Il ritrovamento dello zolfo nella prima metà del secolo XIX rivoluziona la società ciancianese che fino ad allora dai campi trae ogni sostentamento. Il centro urbano si espande per accogliere la massa di lavoratori, attirati dai comuni vicini da un lavoro che assicura il soddisfacimento, anche se al minimo, dei bisogni vitali. Attività agricola e mineraria convivono e si sostengono a vicenda, ma è la zolfara che maggiormente sopperisce alle frequenti crisi agricole, ospitando gli umili dei campi, braccianti e contadini, che divengono carusi. Essi, abituati a lavorare alla luce del sole, nel sottosuolo possono solo trasportare a spalla il materiale, estirpato dai picconieri.
Paolo Sanzeri ci introduce in un excursus legislativo a far data dal Regno delle Due Sicilie, trattando del Codice Civile Borbonico di Ferdinando I che disciplina la materia delle miniere e riconosce al proprietario della parte sottosopra il diritto di impiantare una escavazione alla ricerca di zolfo. Leggiamo poi di Francesco I che, annullando l’antico sistema della regalia, afferma il principio della libertà mineraria. Attento e puntuale il riferimento a tutta la normativa successiva.

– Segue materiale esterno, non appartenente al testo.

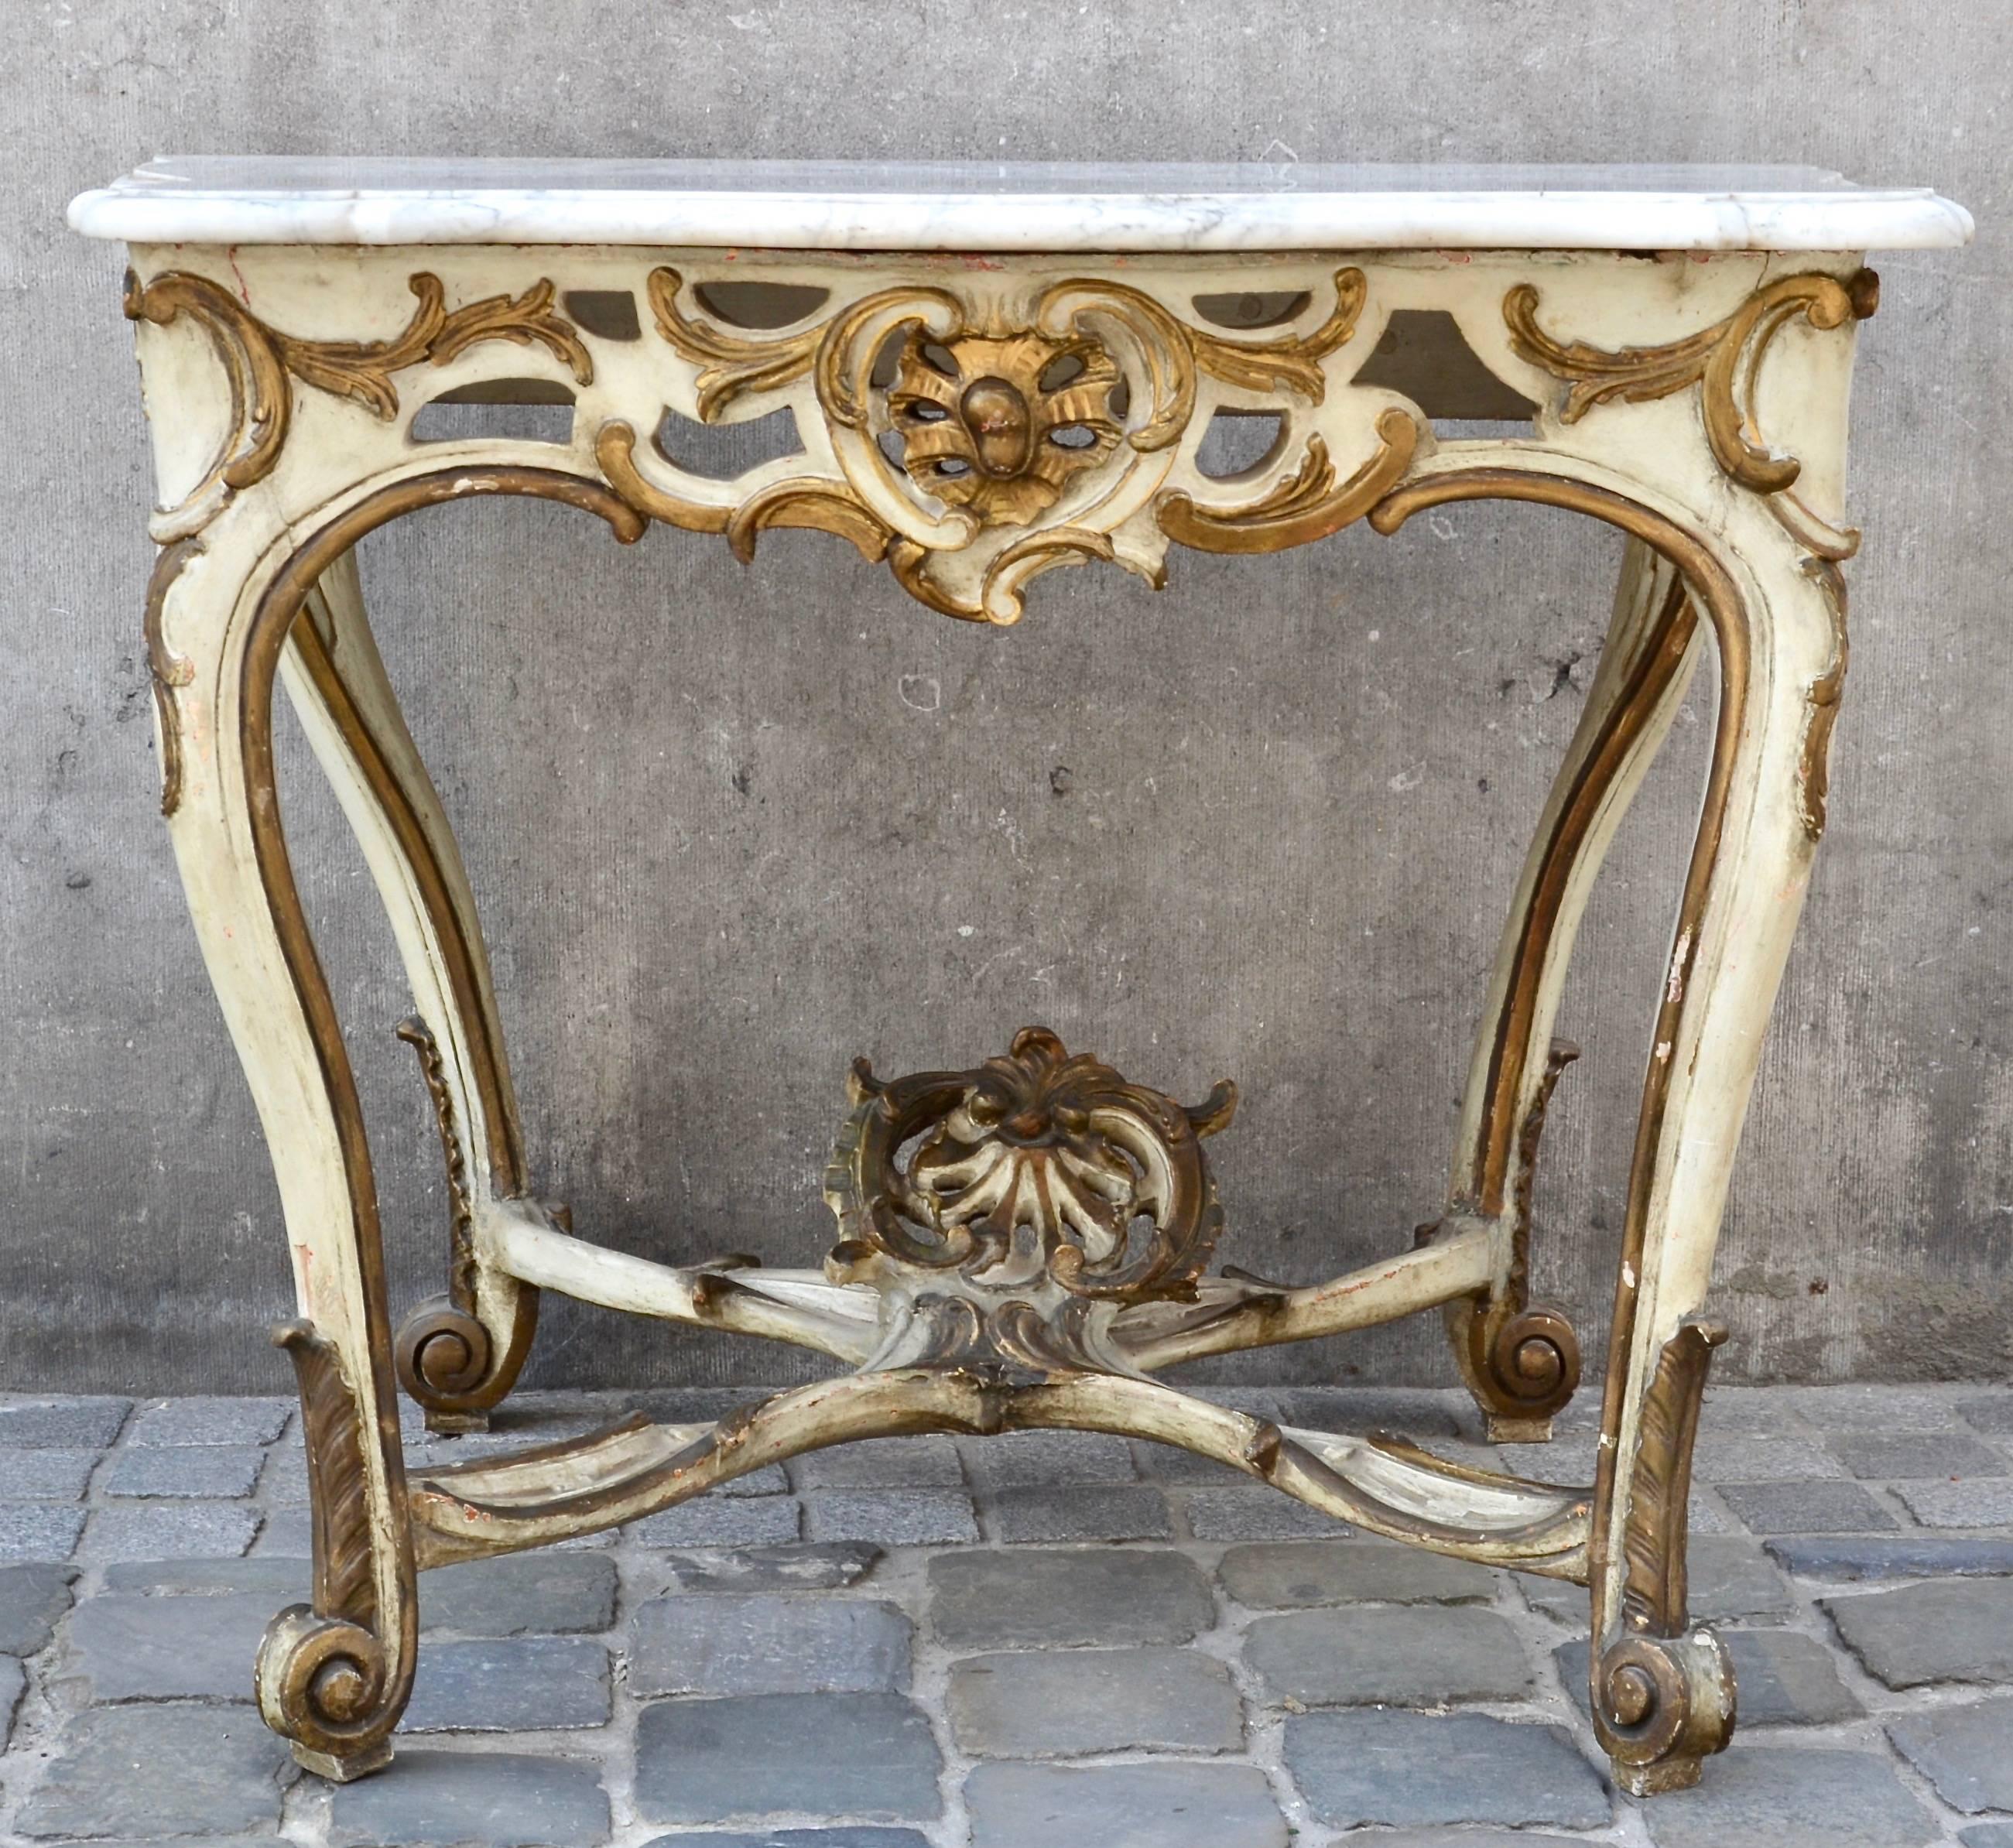 Elegant 18th century Italian Rococo console in marble and carved, gilt and painted wood.

La coltivazione dello zolfo è trattata in singoli capitoli che vanno dal 1838 al 1908 nel primo volume, dal 1909 al 1942 nel secondo volume e dal 1943 al 1962 nel terzo volume. I capitoli sono ricchi di informazioni ed offrono uno spaccato nel quale interagiscono Stato, Regione, Prefettura, Comune e proprietari delle miniere, che rappresentano la Legge, scritta sempre in difesa dei lavoratori e per la salvaguardia del lavoro minorile, ma difficilmente applicata e rispettata.
Si può leggere il susseguirsi di note e disposizioni che avrebbero dovuto vietare ai carusi di lavorare nella zolfara e garantire l’obbligo scolastico, la sicurezza dei luoghi di lavoro e una adeguata assistenza socio-sanitaria a tutti gli zolfatari. Norme che restano sulla carta e che non scalfiscono la cruda realtà.
Interessanti le pagine del terzo volume che trattano dello sciopero generale degli zolfatari nell’anno 1953 che sfocia nella occupazione delle miniere. Ricco il corredo fotografico, le illustrazioni grafiche, come i calcheroni e le fornaci a canaletto, e la rassegna di articoli giornalistici che trattano il tema.
Curata la sezione riguardante le mansioni all’interno della zolfara e lo sviluppo della giornata di lavoro. Rivivono carusi e picconieri, vagonisti e mulattieri, unitamente a tutti gli altri muti attori in uno scenario, vissuto nella penombra del sottosuolo.
Esprimono sensibilità le pagine dedicate da Paolo Sanzeri alle donne che nella zolfara condivisero miseria e sofferenze con gli uomini, vittime di una vita disperata alla ricerca di un tozzo di pane per tacitare la fame lacerante.
Sanzeri offre un quadro completo con proverbi, imprecazioni e modi di dire della zolfara.
Cianciana & lo zolfo offre una minuziosa mappatura delle zolfare, suddivise in gruppi, ricadenti, oltre che nel territorio paesano, anche in quello dei comuni viciniori di Bivona e di Alessandria della Rocca.
Il nostro plauso a Paolo Sanzeri per averci offerto un’opera che colma un vuoto culturale e ricostruisce un tessuto sociale, violentemente smembrato”.